While the term assignment doesn't require the question be answered (or even acknowledged), any application of an Evolutionary Algorithm should be preceded by at least considering if it wouldn't be better to solve the problem directly.
The question is particularly relevant in my blocking problem because, right now, direct solution is pretty much the way it gets done. Non-optimal, for sure, but direct. Partitioning is either determined up front by the database designer or created after the fact in the form of aggregations. The former is almost never done by rigorous analysis; it's more the database designer's intuition. The latter may also be specified by the designer. If not, dynamic aggregations are built in response to query patterns. This last bit is the closest to what I'm proposing, but I'm trying to do it without losing the granularity of the data.

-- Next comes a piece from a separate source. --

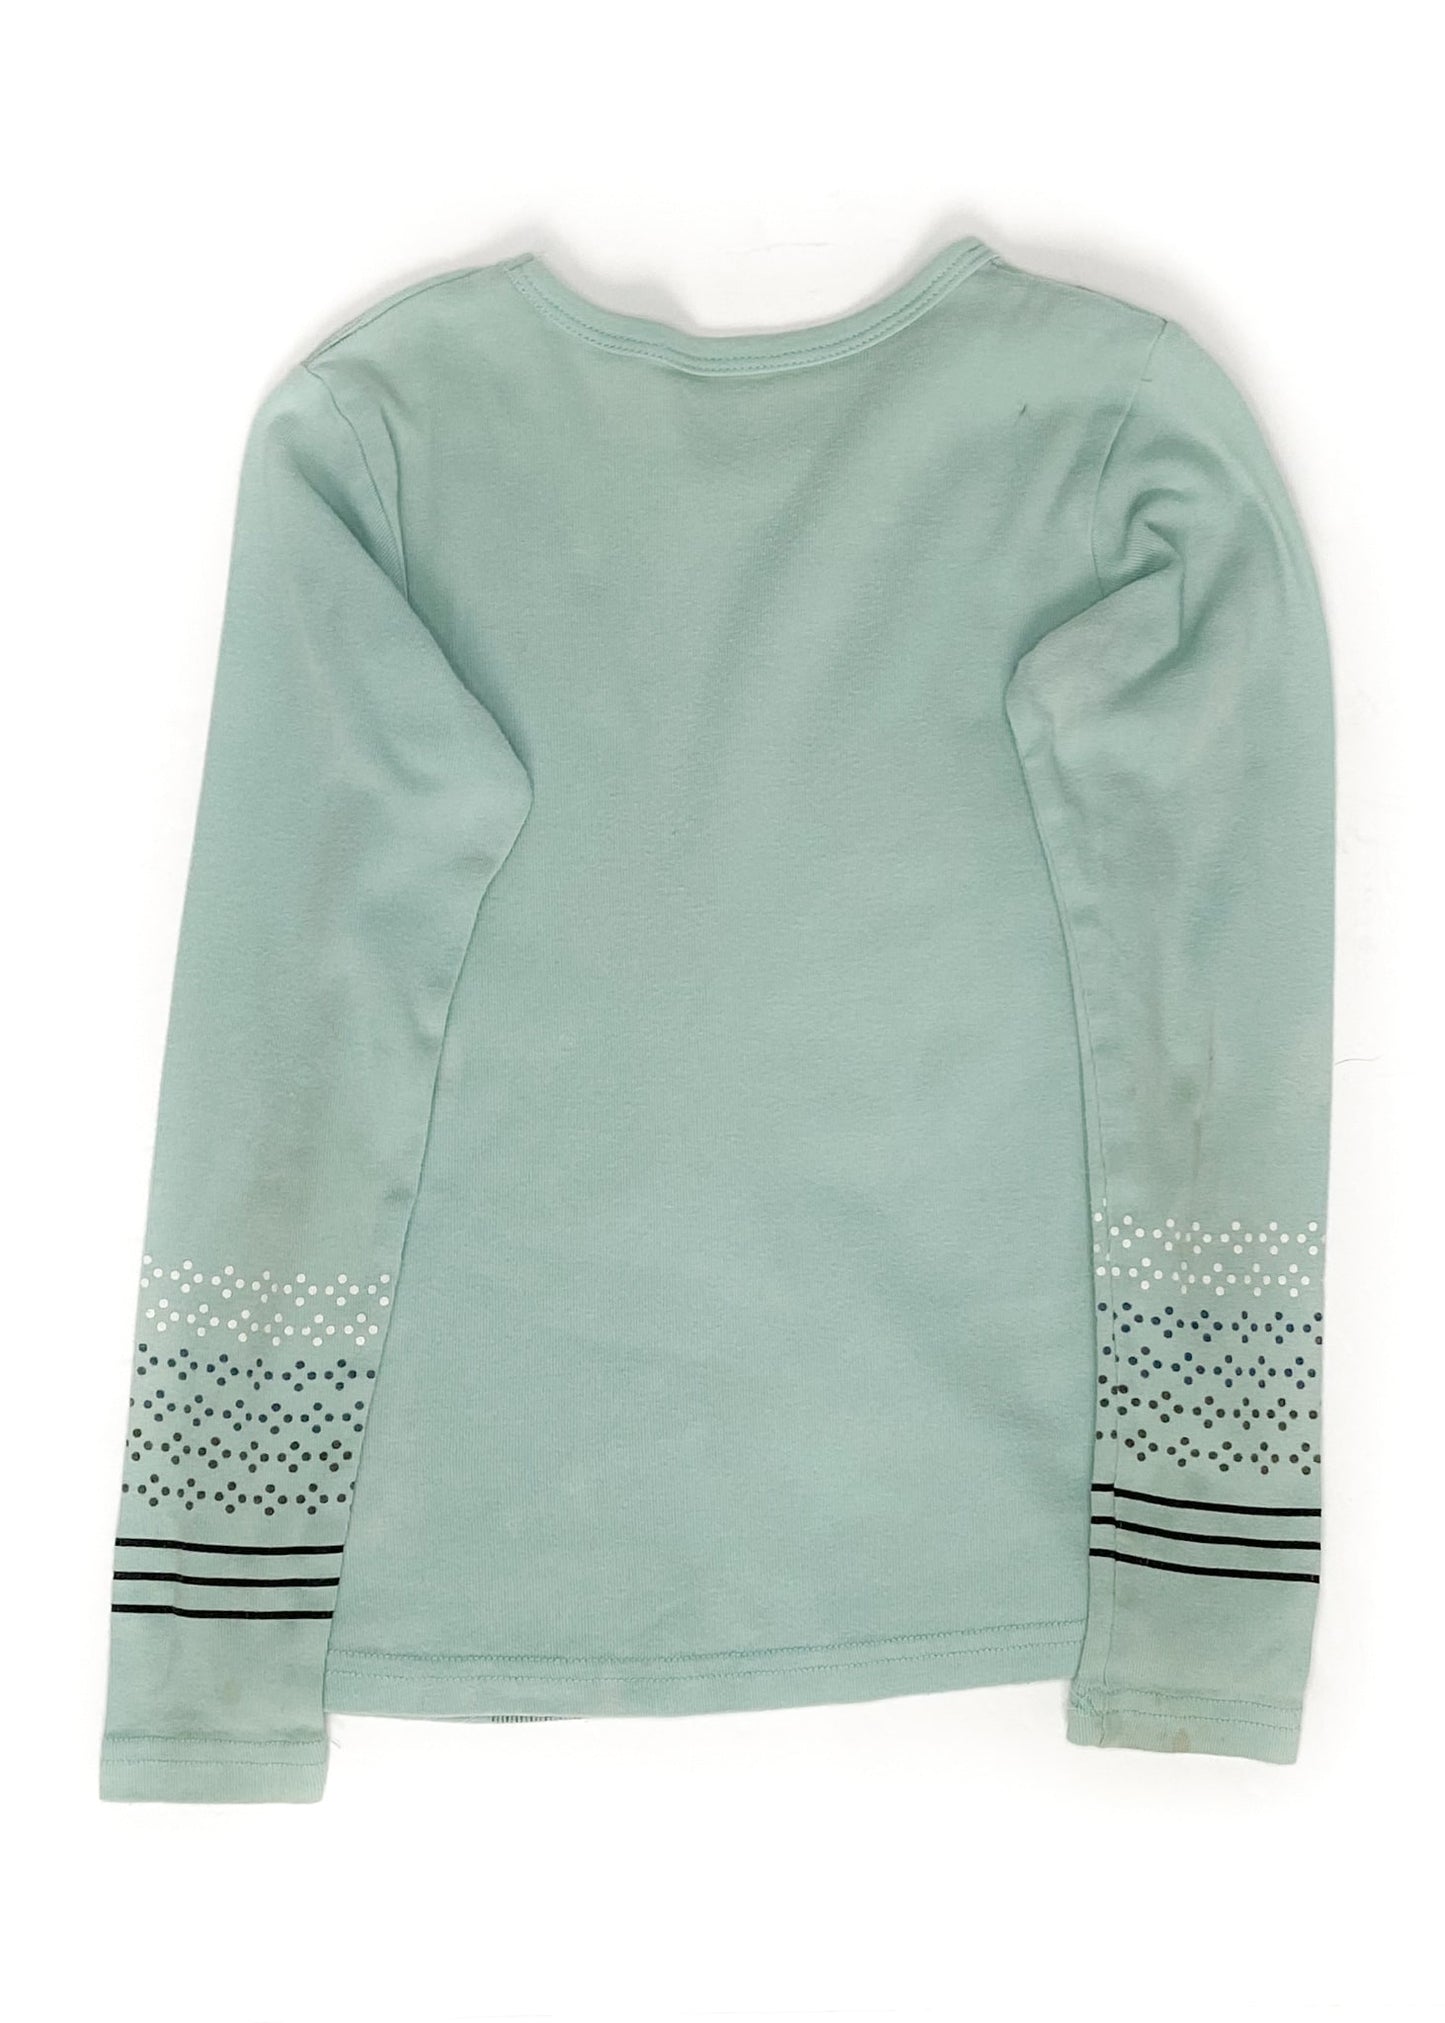 Kerrits Long Sleeve Top - Teal - Youth Small

At any rate, none of the above "direct" methods constitute algorithms because the resulting solutions are just a good crack at the best solution. Nobody claims they are actually optimal.I'm not making any claim of optimality, either, so that state of affairs needs to be justified. The simple answer is that it's hard. In the world of optimization theory, that means NP-hard. NP-hard is generally accepted to mean that you can forget about solving it exactly on large data sets (this assertion is unproven, but even if it's turns out that they can be solved in polynomial time, it's a polynomial that very quickly gets bigger than anything an existing machine can handle).

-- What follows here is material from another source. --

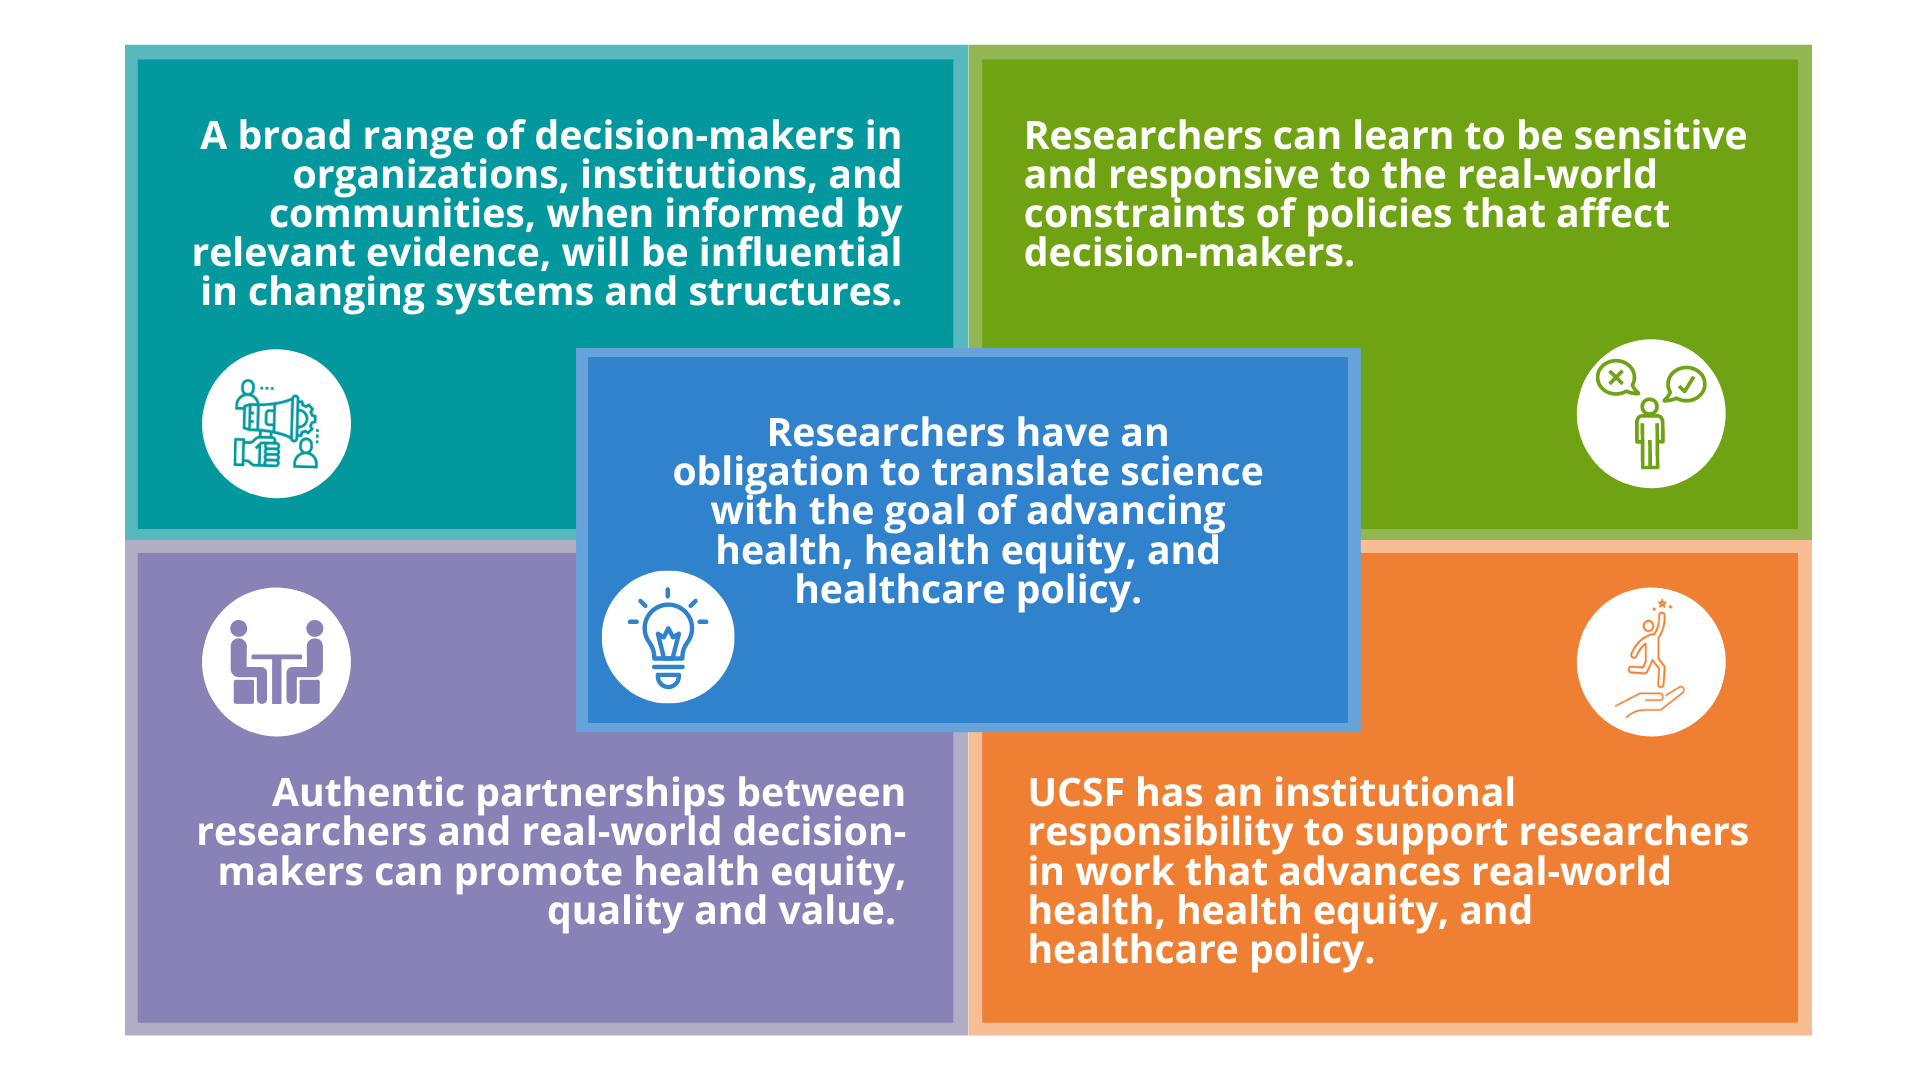 A rectangle divided into four rectangles with a rectangle in the middle listing the guiding principles for an IMPACT-oriented scientist . Each rectangle is a different color (turquoise, green, purple, orange, and blue) and has text stating one guiding principle with an icon that matches. The guiding principles are: 1. A broad range of decision-makers in organizations, institutions, and communities when informed by relevant evidence, will be influential in changing systems and structures; 2. Researchers can learn to be sensitive and responsive to the real-world constraints of policies that affect decision-makers; 3. Authentic partnerships between researchers and real-world decision makers can promote health equity and value; 4. UCSF has an institutional responsibility to support researchers in work that advances real-world health, health equity, and healthcare policy; 5. Researchers have an obligation to translate science with the goal of advancing health, health equity, and healthcare policy.

The usual strategy for showing that an optimization problem is NP-hard is to show that the corresponding decision problem is NP-Complete. That is, that every other NP-Complete decision problem can be decided by an algorithm that solves this one (if such an algorithm existed). Fortunately, as this operation is transitive, you only have to find one and they all fall into line.

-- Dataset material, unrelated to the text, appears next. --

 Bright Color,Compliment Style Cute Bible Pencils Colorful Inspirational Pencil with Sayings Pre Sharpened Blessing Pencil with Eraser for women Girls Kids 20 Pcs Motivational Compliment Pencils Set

So, which one? And, more fundamentally, what is the corresponding decision problem?
Starting with the second question, the optimal solution is one that minimizes the number of blocks that have to be read to satisfy a finite set of queries. The corresponding decision problem is, "Does there exist a solution in which exactly k blocks need to be read?"
Given that, what known NP-Complete problem can be beaten into a form that solving this problem would also provide a solution to it? That's going to take some thinking. The one that looks most promising to me at first glance is Steiner Trees, one the original 21 NP-Complete problems proposed by Karp in 1972.
The Steiner Tree problem tries to connect terminal vertices in a graph with a tree having a given total edge weight. It seems there might be a way to frame that with each tree node being a partitioning attribute, the terminal nodes being the blocks, and the edge weights being how often the partitioning attribute(s) don't allow you to quit traversing the tree.
Another possibility would be to frame it as a Linear Programming problem since all of those are known to be NP-Complete. You have to be careful with that, though. It's fairly clear that you could solve this using Linear Programming, but you can solve lots of easy problems using Linear Programming. That just proves that the problem is NP-easy (as in, no harder than NP). To show it's NP-hard, you have to do the opposite: show that any Linear Programming problem can be solved by solving your problem.
Again, not needed for the class project, but definitely worth pondering if it's going to become part of my thesis.